1 The kit uses 3x10mm self-tapping screws extensively. In fact, there are no nuts involved in the assembly at all except the 4 for the wheels. Take great care when screwing these screws in because you don't wanna strip out the threads in the plastic. I favour using "large-handle" screwdrivers to make the task easier but these are the biggest culprits of stripped threads. Use them to do most of the work, but when the screw is almost fully in, swap to a smaller handle screwdriver. Pay special attention when screwing into the parts that are made from softer plastic (e.g. parts tree 'E'). You've been warned! :)

2. The instructions 'forbid' you from gluing the tyres to the rims but mine started slipping after just a few runs. You should glue them on or find some other way of keeping them from slipping... I use strips of transparent double sided sticky tape.

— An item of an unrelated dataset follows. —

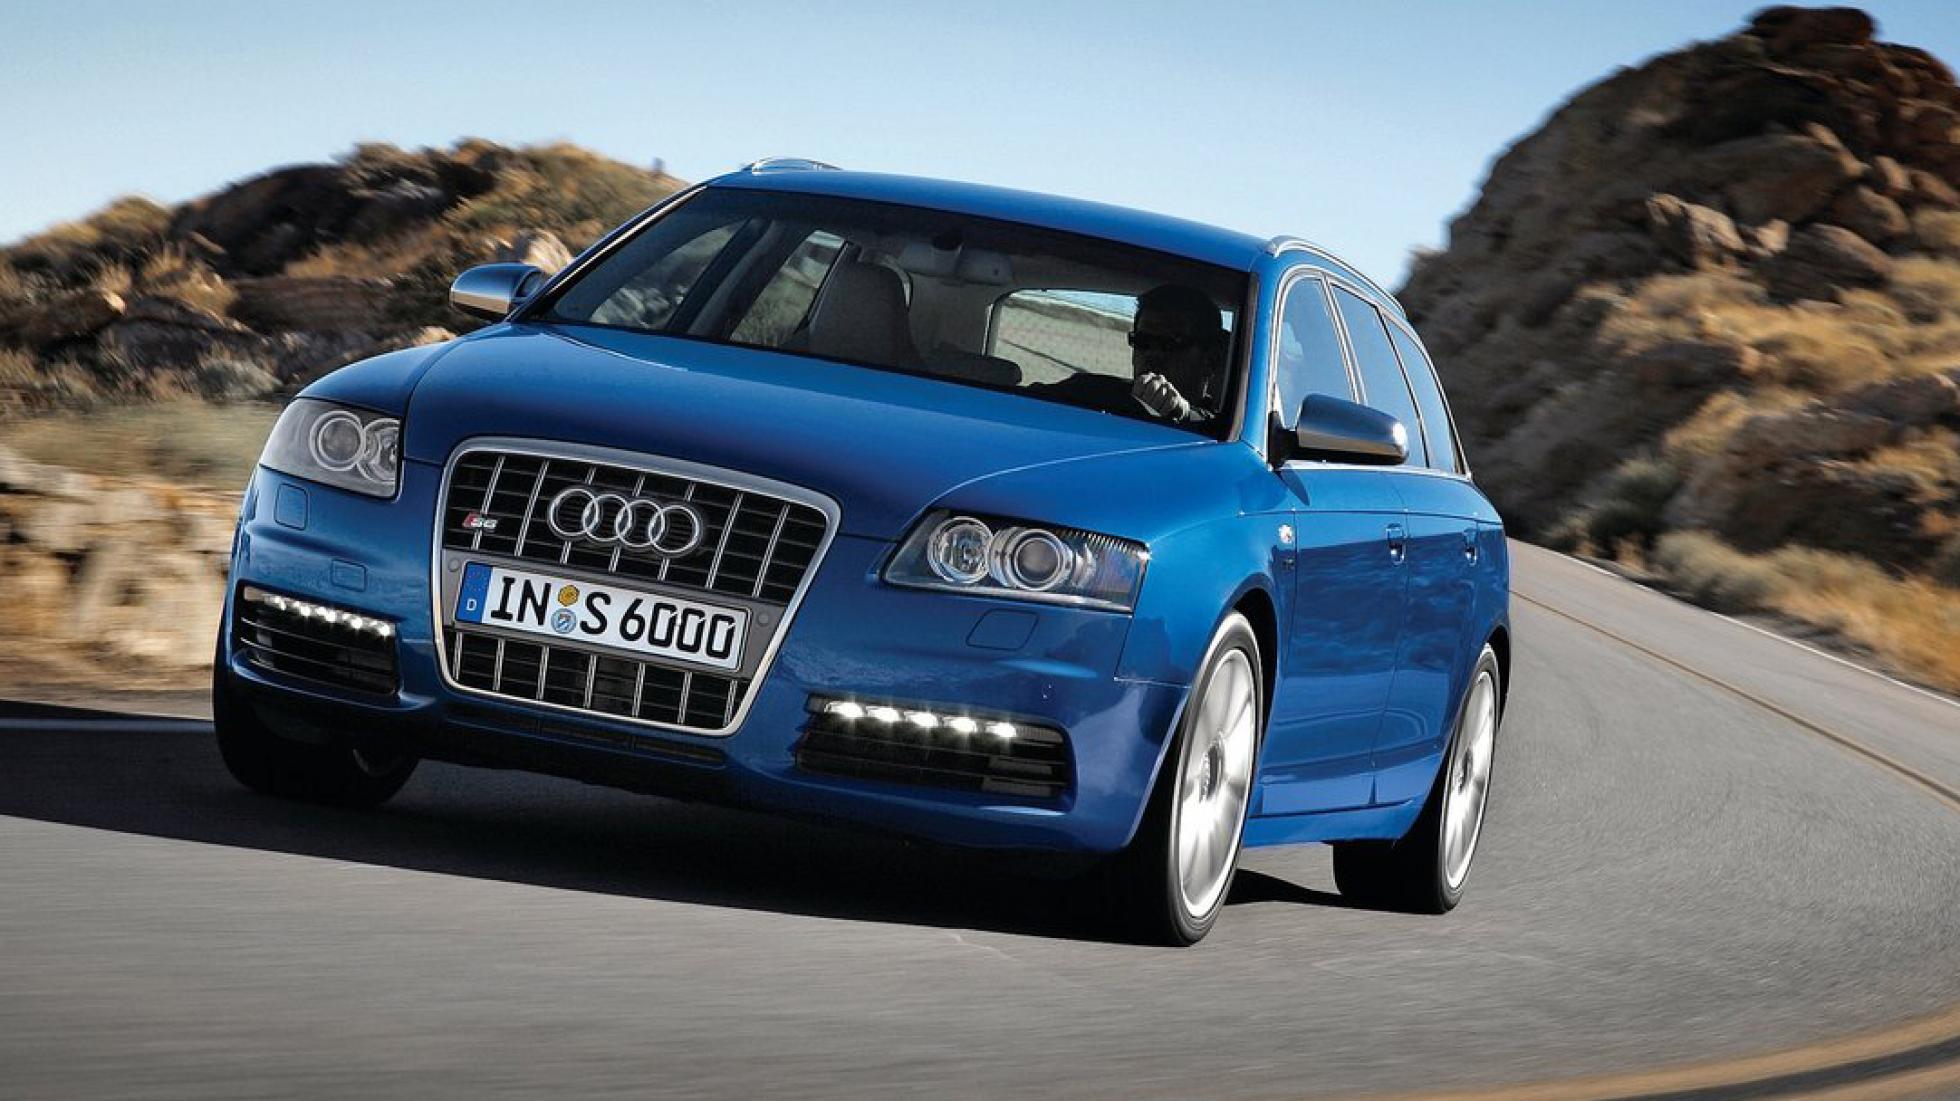 6. How long have Audis been blinding everyone with daytime running lights?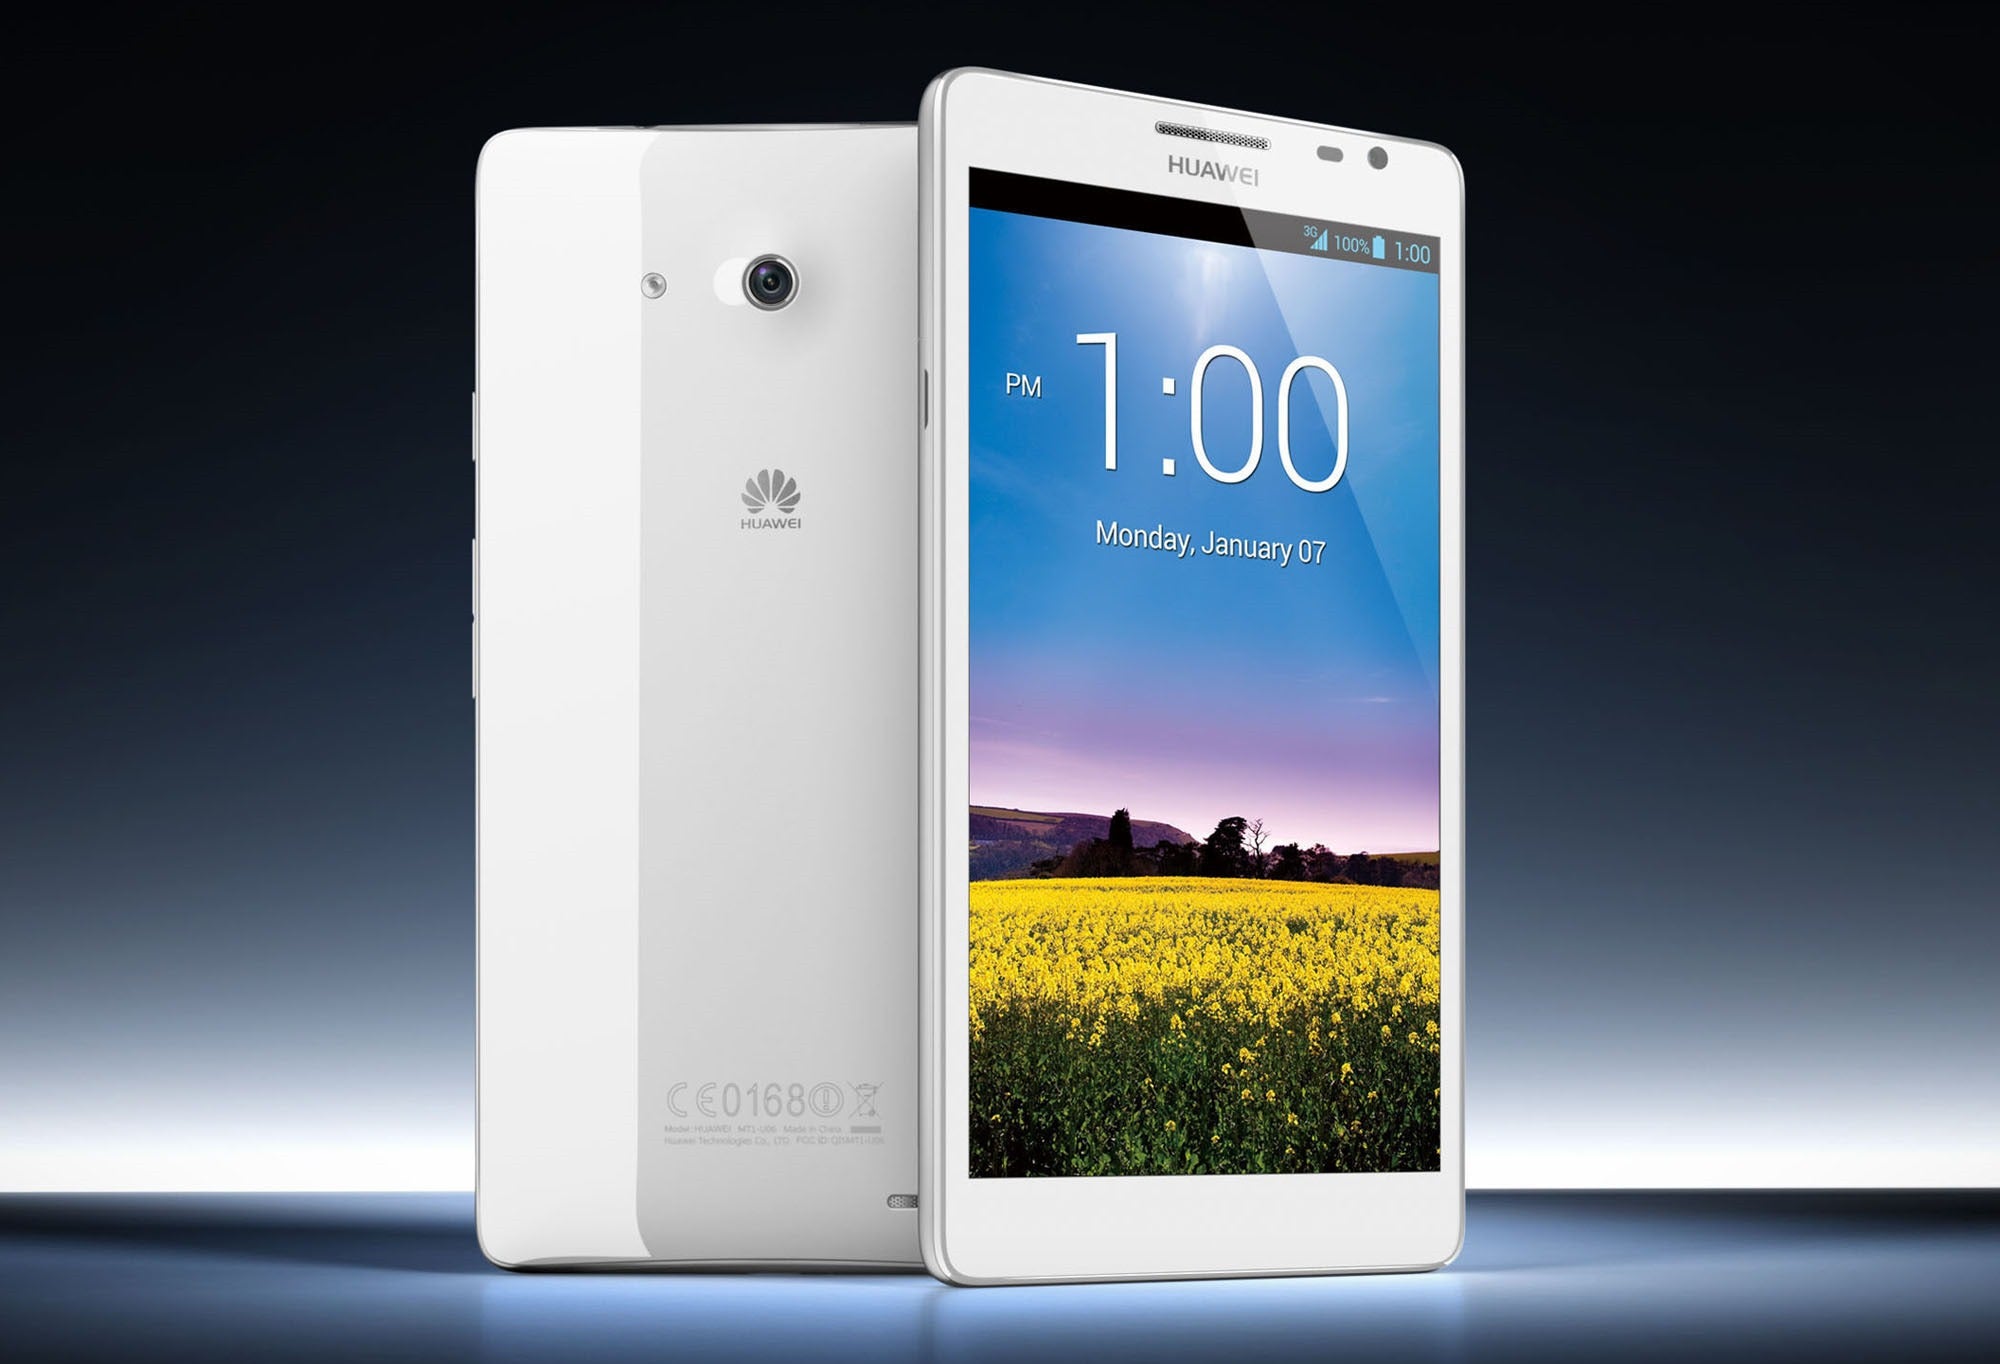 The 6.1 inch Huawei Ascend Mate - Huawei's goal is to be one of the top three global smartphone manufacturers

3. The instructions also recommend putting grease or 'lubing' the rubber sleeves in the shock bodies. Doing this will probably prolong the life of the sleeve, but it compromises performance. I found that without the grease, there is more 'friction' between the shock shaft and the sleeve which results in more damping action. When I lubed the sleeve, the damping was diminished and the truck became a lot more 'springy' than before. The choice is yours.

4. I would recommend getting a reversible ESC for the truck but if you are using the manual speed controller (MSC), be sure to clean it often to ensure trouble free operation.

5. You may wish to put a little threadlock on the little pins that go into the outdrives (the part that the wheel goes on to) because they tend to drop out everytime I take out the wheel and boy are they hard to find!

6. It would be a good idea also to install bearings into the car to increase speed and runtime. To do so, you will need 28 (yes that's TWENTY EIGHT) 11x5mm bearings to do so. The stock bushings work fine but will wear out before long.

7. While you are at it, you may wanna replace the stock servo mounts with units from another car or a hop-up from Tamiya. The stock ones are molded from very soft plastic and just don't cut it... especially for a monster truck. My steering servo got loose after just a few runs... tightening the screws stripped the threads on the servo mount! I'm gonna get me some cool aluminium ones soon.

8. For those who are interested in getting modified motors, you will need one to be reverse rotation... to go into the FRONT gearbox.